Some background on how ElasticSearch indexes documents
For those who already have a back ground on Elastic Search, it is just a special purpose full text search document based data store with real time indexing abilities. How does Elastic Search does this? If you are already aware of the Search engines and the underlying data structure that’s exactly what Elastic Search does as well. Elastic Search creates an inverted index data structure. For some idea on inverted index refer this link. Basically what Elastic Search does when you insert a document is it creates or updates an existing inverted index of all the fields in the document. So potentially you could search the entire document using any of the fields with different querying features. Elastic Search take do an index as you go approach, it means as you insert or update documents Elastic Search can work on the inverted index in real time.
# Non-Hadoop Elastic Search Cluster (AWS EC2)
Lets now try and understand how ES handles scalability using horizontal shards. Here is a good resource for installing elastic search on AWS EC2. There is nothing different about ES automatic sharding of an index when compared to a Hash Table. Each and every document id automatically assigned or manually assigned is hashed to determine on which bucket or shard the document has to go. By default elastic search uses 5 shards with 5 replicas and can be overridden in the. yaml file as desired.
Lets walkthrough a simple example. I am assuming we have started n (here n=5) EC2 instances and used the above tutorial to create a simple ES cluster. Say we have created an index I1 with a type and started indexing documents. Based on the document id and hash function used by ES the documents are sharded across the 5 shards. The figure below shows a sample distribution of documents for index I1 into 3 shards. If you see S1 maps to document id ranges D1 to D10. S1 is shard1 (nothing but EC2 instance 1) and D1, D2 are document ids for simplicity.
Elastic Search router knows how to which shards the query should be routed for better performance.
# Hadoop Elastic Search Cluster (AWS EMR)
Lets walkthrough the same example with ES on Hadoop. ES comes with elasticsearch-hadoop Hadoop plugin for high performance queries (order of milli-seconds). Here are some of the promises of this plugin.
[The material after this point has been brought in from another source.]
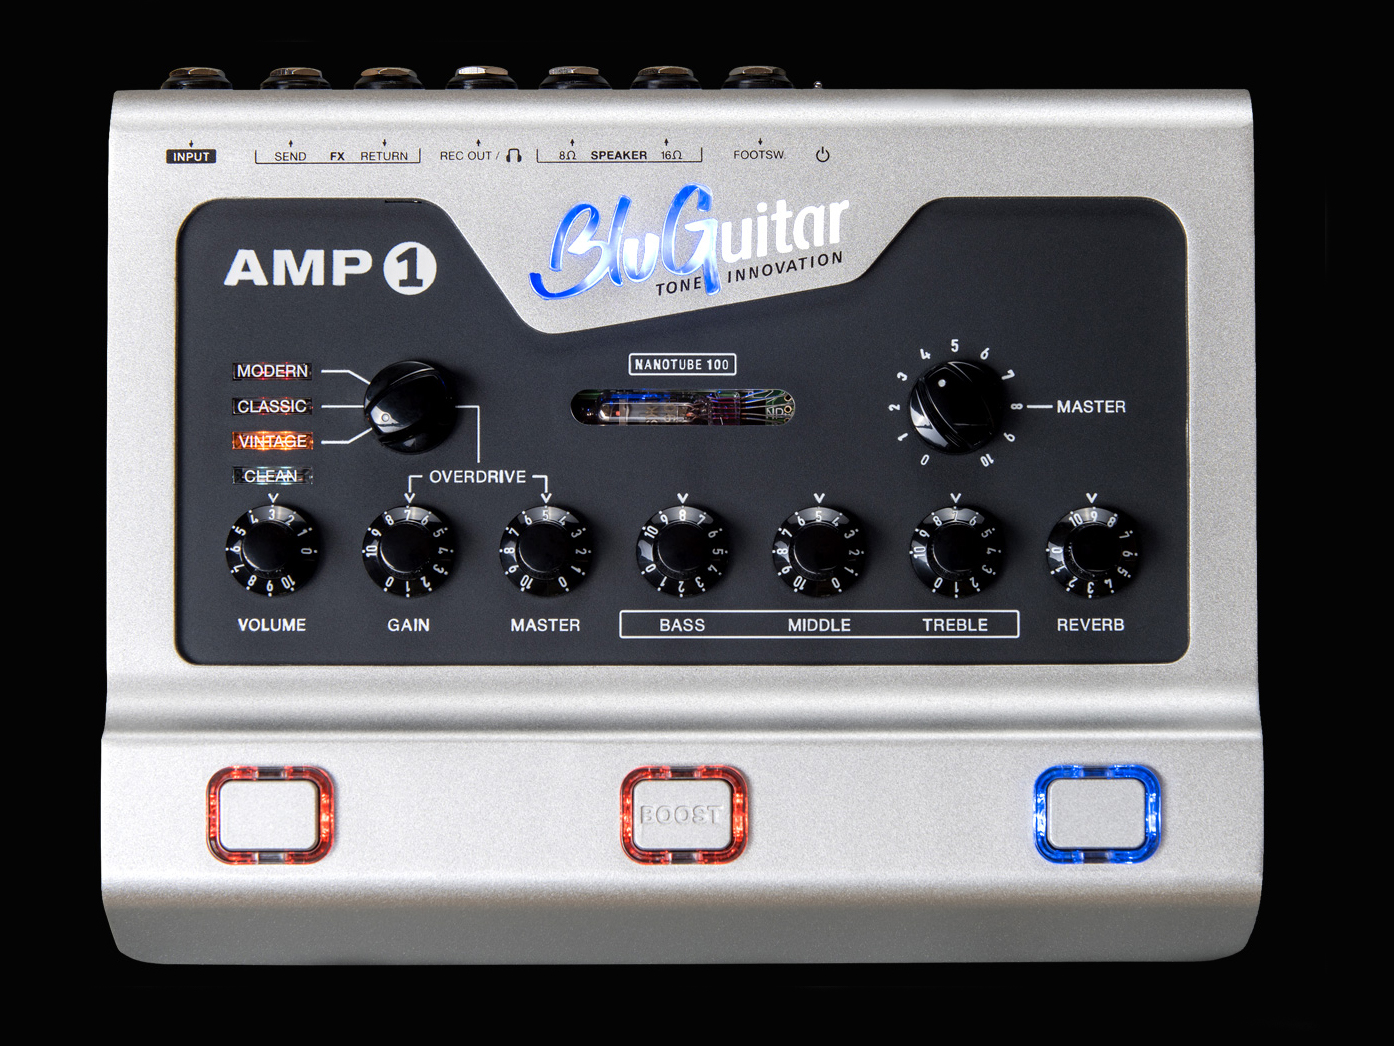 Bluguitar升级其受欢迎的AMP1踏板

Shards play a critical role when reading information from ES. Since it acts as a source, elasticsearch-hadoop will create one Hadoop InputSplit per ES shard; that is given a query that works against index I1, elasticsearch-hadoop will dynamically discover the number of shards backing I1 in this case S1, S2 and S3 and then for each shard will create an input split (which will determine the number of Hadoop tasks to be executed). In our case 3 M/R tasks
if you have a requirement for a high performant distributed search capability elastic search on Hadoop is the way to go.